# Wlan Reichweite Nokia 5800...



## obiplal (10. Juni 2010)

Wie  groß ist die WLAN Reichweite des Nokia 5800 im Haus/im Freien?
Könnte man die Reichweite irgendwie erhöhen?


----------



## Dustin91 (10. Juni 2010)

Also ich weiß auf jeden Fall das es reicht, wenn ich im unteren Stockwerk bin und der Router im Oberen. Auch vor der Haustür stehend hab ich Internet.

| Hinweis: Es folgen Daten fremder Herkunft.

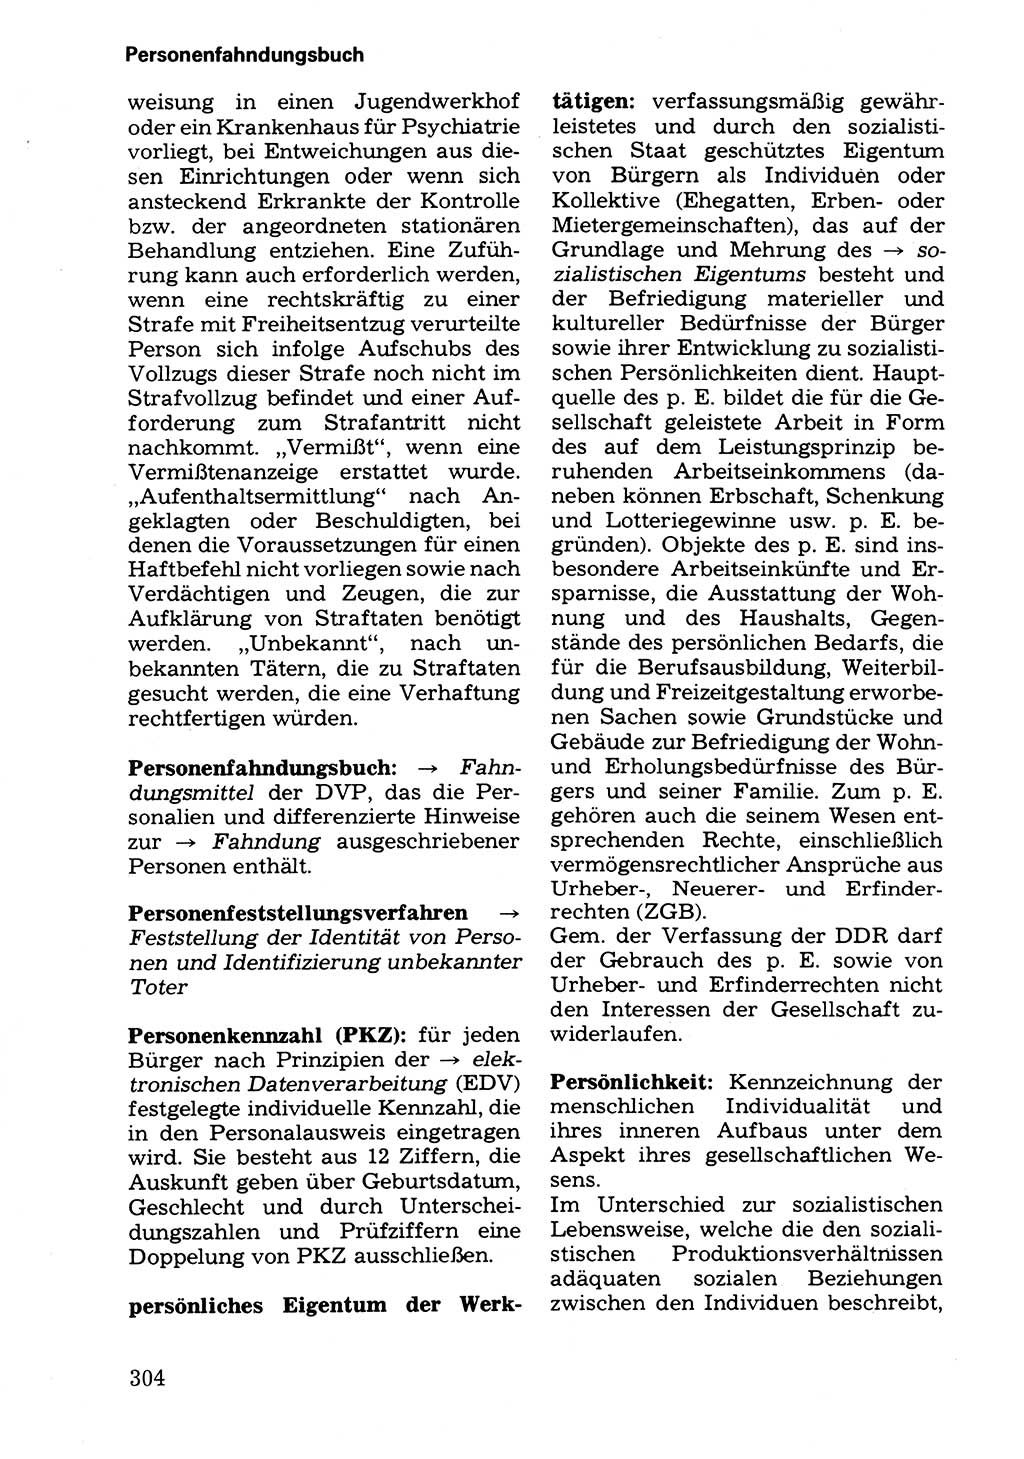 Wörterbuch der sozialistischen Kriminalistik [Deutsche Demokratische Republik (DDR)] 1981, Seite 304 (Wb. soz. Krim. DDR 1981, S. 304)

Wie man das erhöhen kann weiß ich leider net.
Man müsste halt iwie den Empfänger im Handy vergrößern.


----------



## DrSin (10. Juni 2010)

Ja, du kannst die Sendeleistung erhöhen.
Gehe dazu folgend vor:
Einstellungen->Verbindungen->Wireless Lan->Optionen->Einstellungen->Optionen->Erweiterte Einstellungen->TX-Leistungsniveau auf 100mW stellen.

Und ggf. den Energiesparmodus ausschalten.


----------



## Dustin91 (10. Juni 2010)

Also bei meinem Handy gibts den Menüpunkt nicht


----------



## DrSin (10. Juni 2010)

Gibts bei jeden S60v5 Handy


----------



## obiplal (10. Juni 2010)

Wie weit ist das bis zur Haustür??


----------



## Dustin91 (10. Juni 2010)

DrSin schrieb:


> Gibts bei jeden S60v5 Handy


Ah, man muss die Autokonfiguration erst deaktivieren

@obiplal:
Sind Luftlinie ~4-5 Meter.
Willst du etwa das Wlan von den Nachbarn anzapfen


----------



## DrSin (10. Juni 2010)

Dustin91 schrieb:


> Ah, man muss die Autokonfiguration erst deaktivieren



Simmt, hab ich nicht dran gedacht, bei mir ist die von Werk aus aus, halt kein Nokia


----------



## obiplal (10. Juni 2010)

Wie stelle ich die Autokonfiguration aus?
Ich möchte nur wissen ob ich im Wohnzimmer Empfang habe wenn ich den Router in meinem Zimmer stehen habe!


----------



## Dustin91 (10. Juni 2010)

Einstellungen->Verbindungen->W-Lan->Optionen->Einstellungen->Optionen->Erweiterte Eisntellungen->Ja->Autom. Konfiguration auf "Deaktiviert" stellen


----------



## obiplal (10. Juni 2010)

Danke!


----------